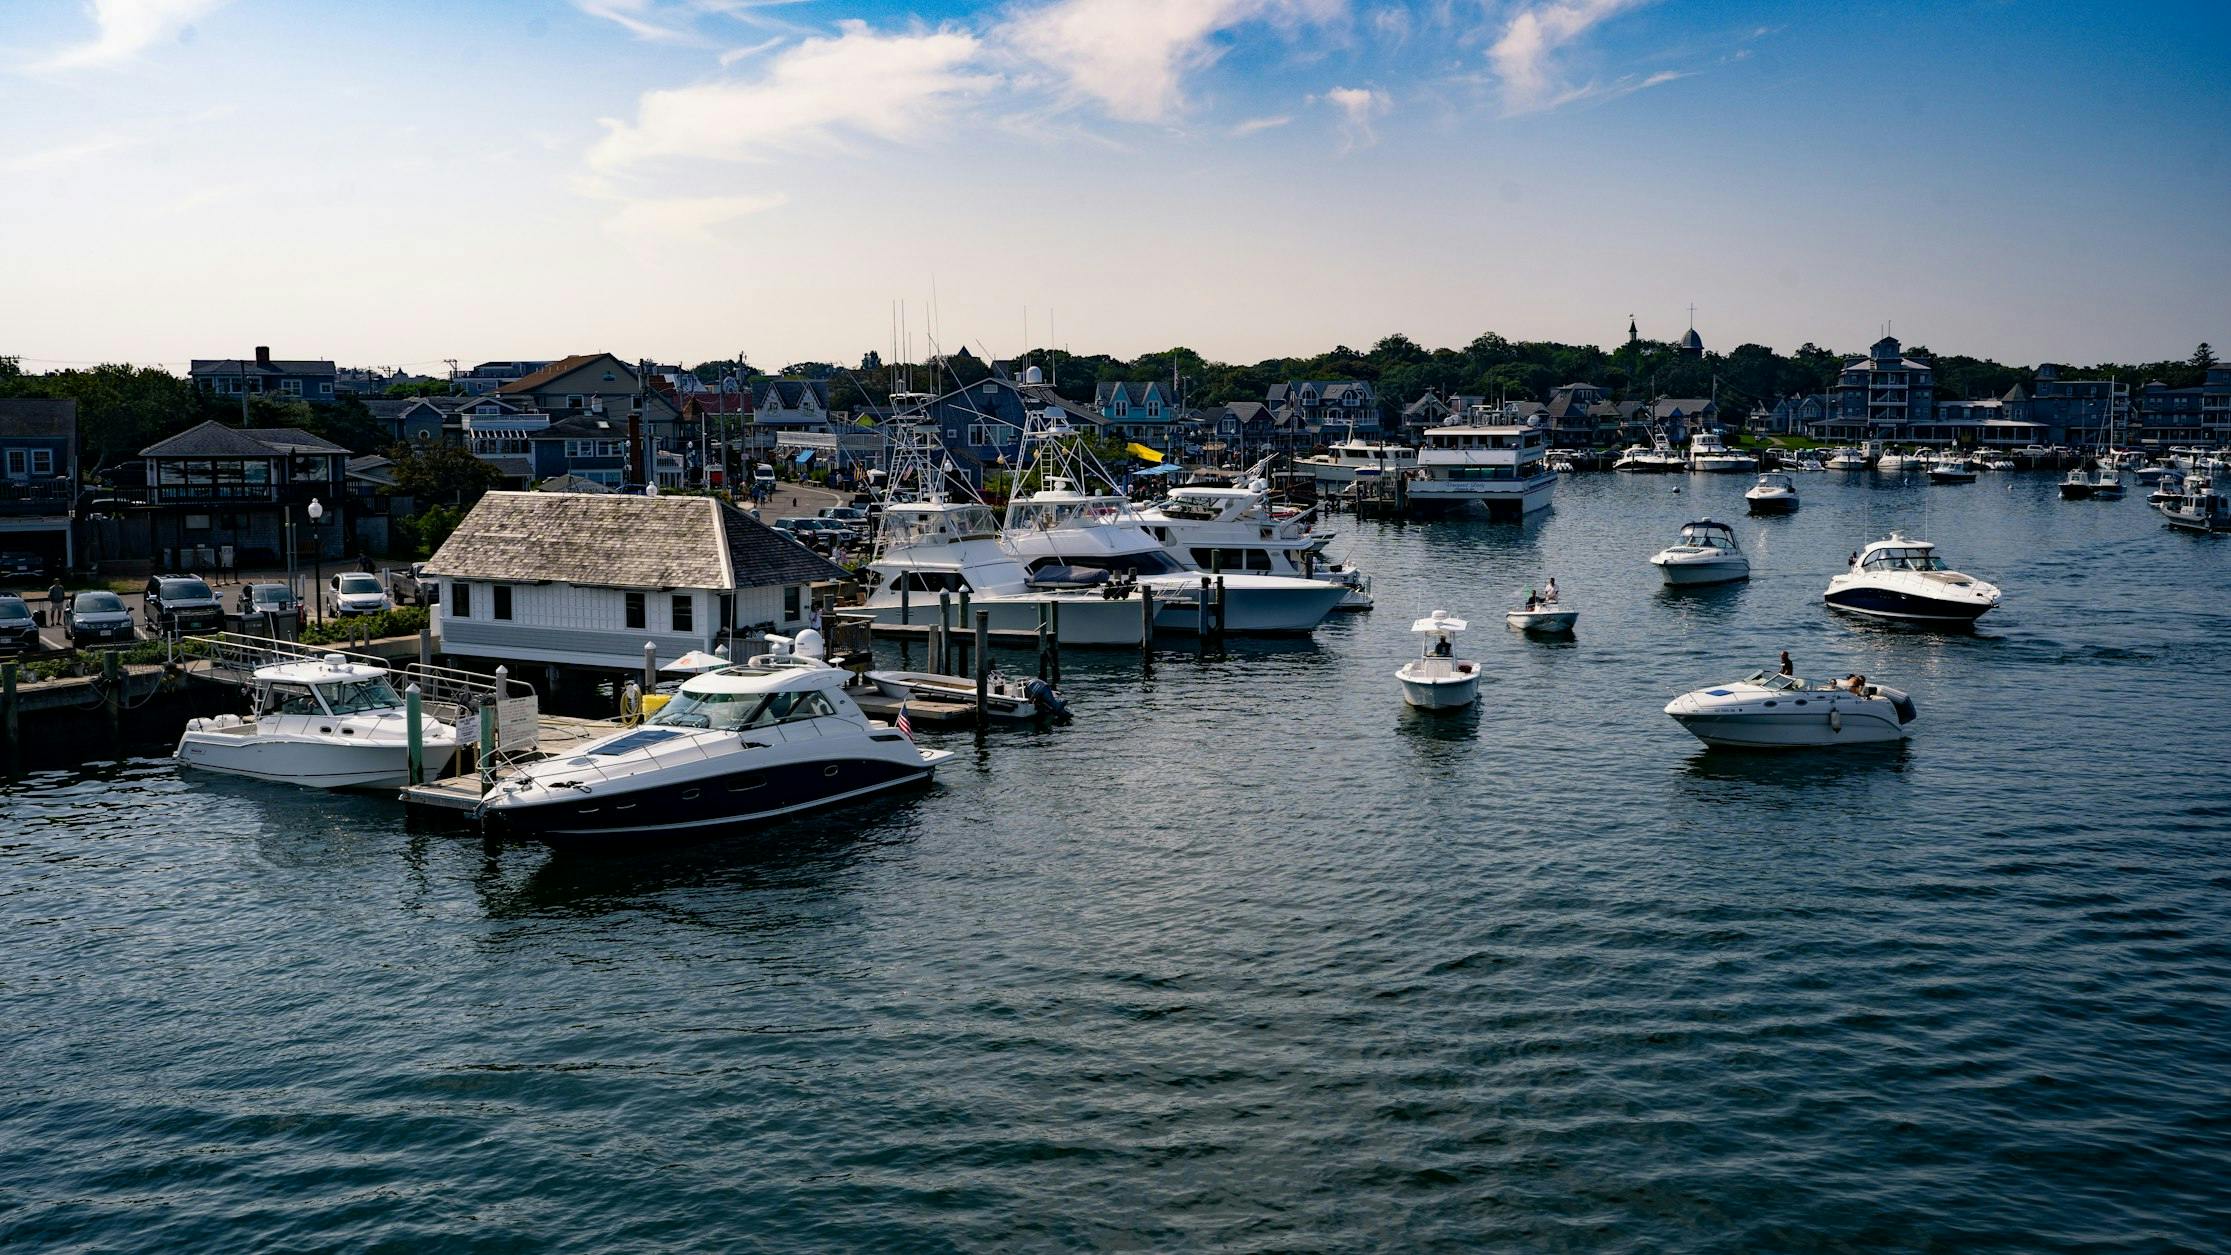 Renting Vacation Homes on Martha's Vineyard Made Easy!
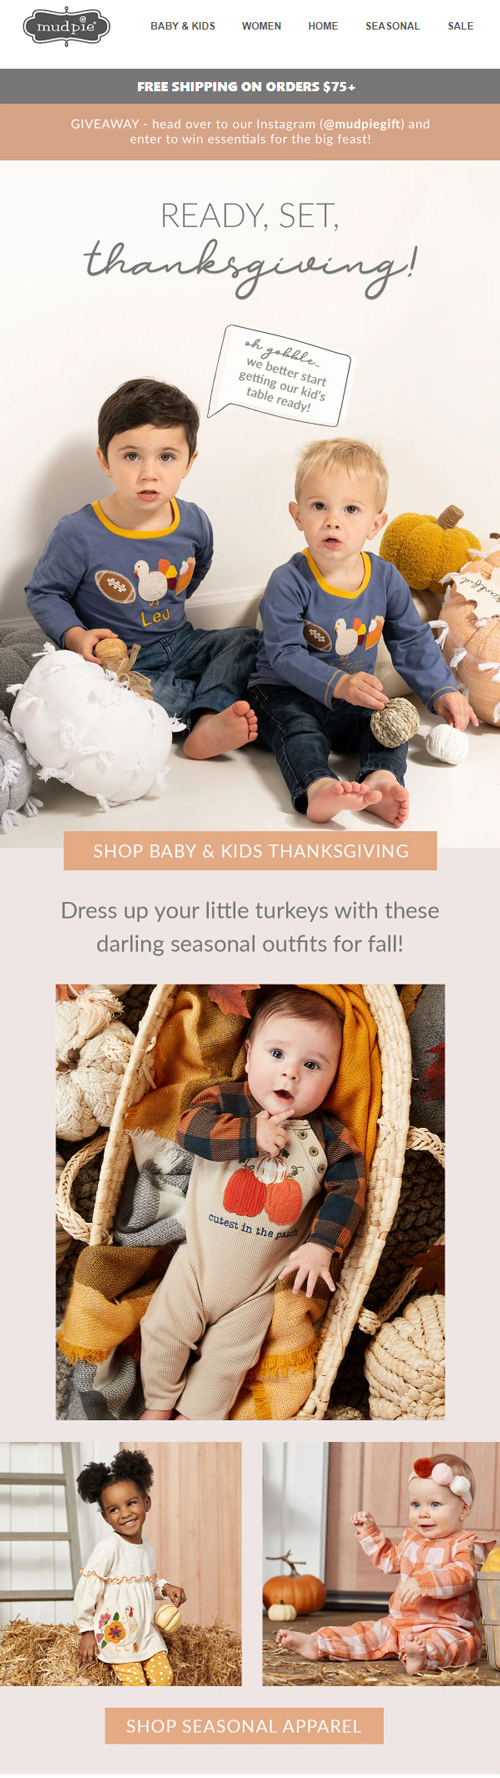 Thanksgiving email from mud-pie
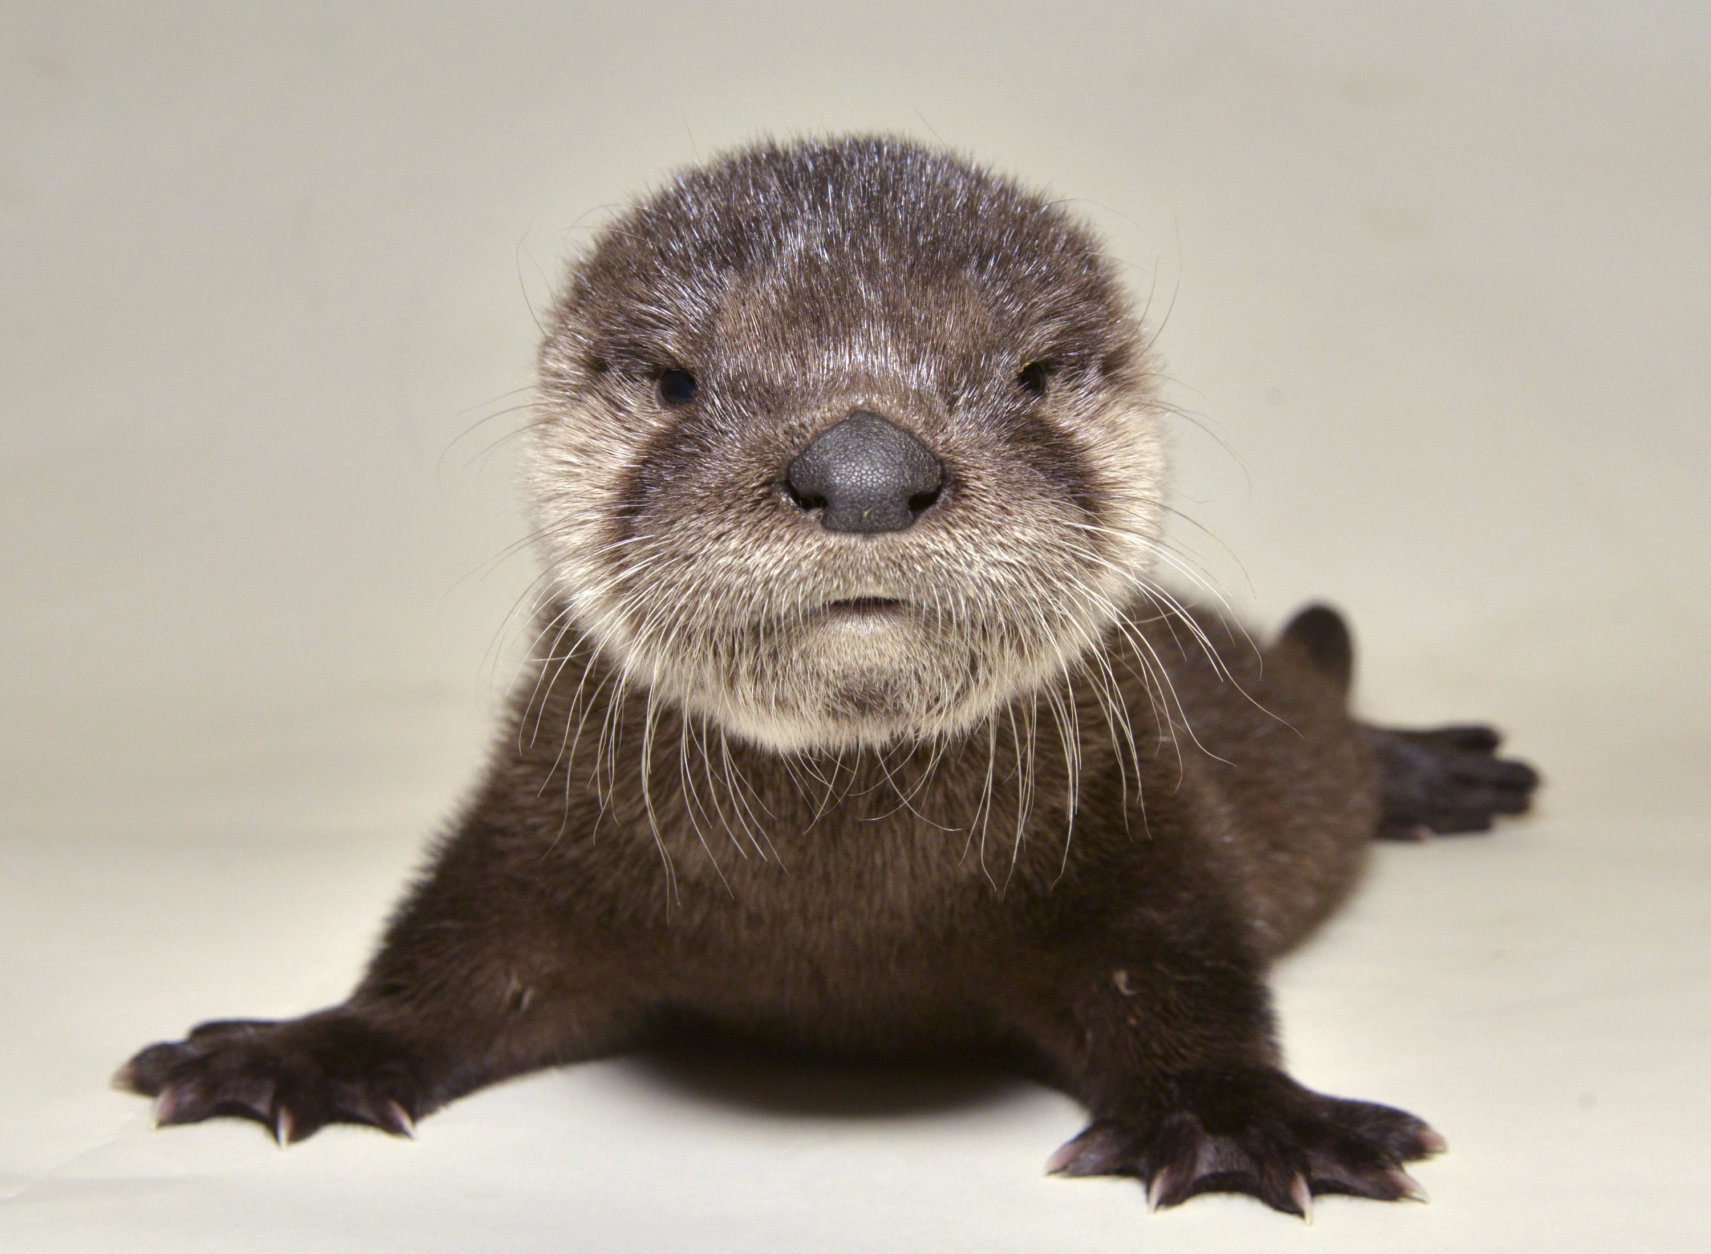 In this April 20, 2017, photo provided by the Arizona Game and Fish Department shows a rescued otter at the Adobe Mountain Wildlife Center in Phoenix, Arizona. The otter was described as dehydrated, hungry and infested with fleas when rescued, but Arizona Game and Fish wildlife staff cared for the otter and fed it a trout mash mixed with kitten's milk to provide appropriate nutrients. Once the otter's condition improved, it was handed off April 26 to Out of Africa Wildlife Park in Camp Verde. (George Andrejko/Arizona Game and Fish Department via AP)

• What you have to do:
Transcribe the listing word for word, but keep its pictures out of the copy.

• Completed task:
 Renting Vacation Homes on Martha's Vineyard Made Easy!
 Thanksgiving email from mud-pie
 In this April 20, 2017, photo provided by the Arizona Game and Fish Department shows a rescued otter at the Adobe Mountain Wildlife Center in Phoenix, Arizona. The otter was described as dehydrated, hungry and infested with fleas when rescued, but Arizona Game and Fish wildlife staff cared for the otter and fed it a trout mash mixed with kitten's milk to provide appropriate nutrients. Once the otter's condition improved, it was handed off April 26 to Out of Africa Wildlife Park in Camp Verde. (George Andrejko/Arizona Game and Fish Department via AP)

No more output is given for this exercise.